We believe the shareholding structure, supported by family ownership, ensures the company is run for the long term and in the best interests of all shareholders.
Over the medium term, the group has faced a challenging macro environment with multiple headwinds including Covid-19, higher input costs, and specific country challenges.
Volume remains below pre-covid levels. This a partly explained by the lack of a full recovery in the on-trade business (i.e. pubs, bars, and restaurants), especially in Europe where there are 10% less outlets. Volumes have also been held back by the intentional removal of low margin business. Looking forward, the group is focused on generating a healthy balance between volume and price growth.
On the subject of tariffs, the company highlighted that in most of its markets, input materials are largely (upwards of 80%) locally sourced. The main exception is the US into which the group imports from Mexico and The Netherlands. However, given the US accounts for less than 5% of group revenue, the impact of tariffs, if imposed, won’t be material.

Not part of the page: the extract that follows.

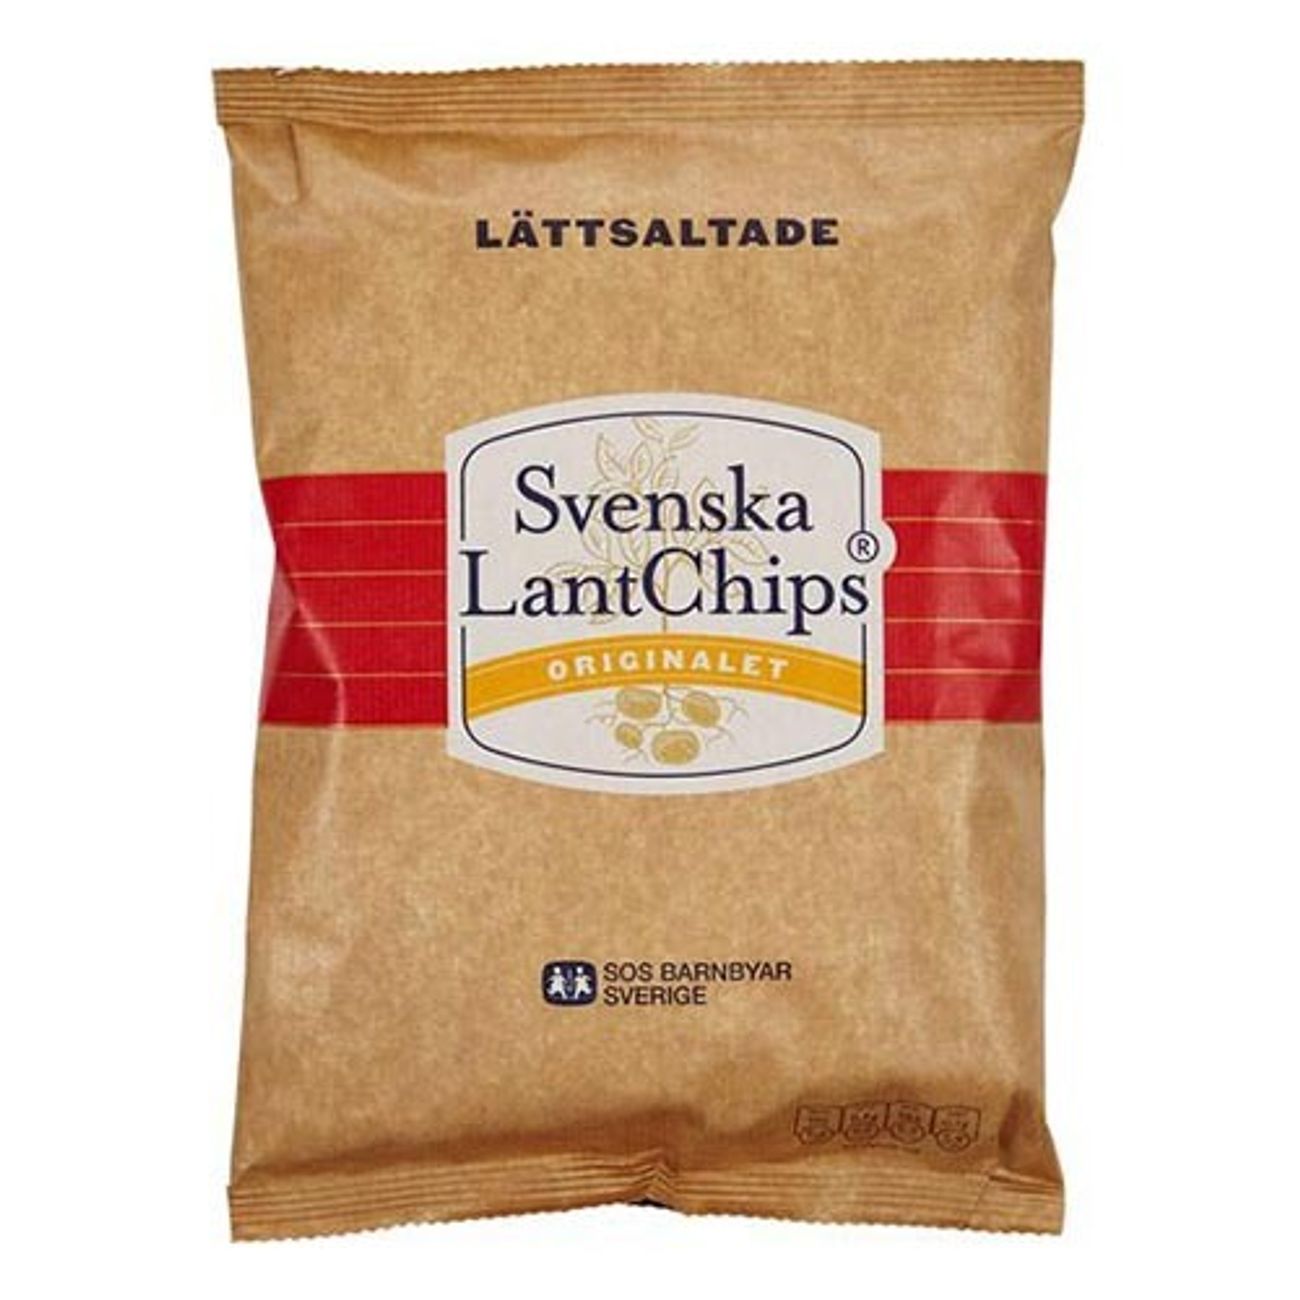 lantchips-lattsaltade-1

Outside of the core beer business, the group is keen to leverage its asset base with other products. This ‘Beyond Beer’ strategy varies between markets and includes spirits, water, and hard seltzers.
The Evergreen strategy continues to generate benefits. The company is only halfway through its productivity improvements in Europe and there is much more to do in the digital space. Productivity savings are expected to be at least €400m in 2025. Rather surprisingly, the company highlighted that macro risk management is now central to the business, in particular outlier events.
For 2025, the company is guiding to operating profit organic growth of between 4% and 8%, with the range a reflection of the current macro-economic, geopolitical uncertainty, and other factors. The lower end (+4%) is more likely if tariffs are imposed and there is continued volatility in Africa with inflation in Nigeria and Ethiopia. For the upper-end (+8%) to be achieved requires good momentum in APAC markets of Vietnam and India needs to continue.
Heineken has a strong balance sheet. At the end of 2024, financial gearing was 2.2x net debt to EBITDA, versus the long-term target to be below 2.5x. The dividend policy is to pay a ratio of 30% to 40% of full-year net profit, with the 2024 payment up 7.5% to €1.86 (2.5% yield).
The priority for capital allocation remains organic investment, the dividend, and bolt-on M&A. However, in 2024, the company achieved significant deleveraging, supported by strong free operating cash flow exceeding €3bn. Consequently, the company is well positioned to return additional capital to shareholders and has launched a two-year €1.5bn share buyback programme, a move that will be supportive for the share price.
In the near term, the company faces a tough year-on-year comparison in the current quarter given the late timing of Easter and fewer selling days. The Q1 results on 16 April will provide further detail on current trading.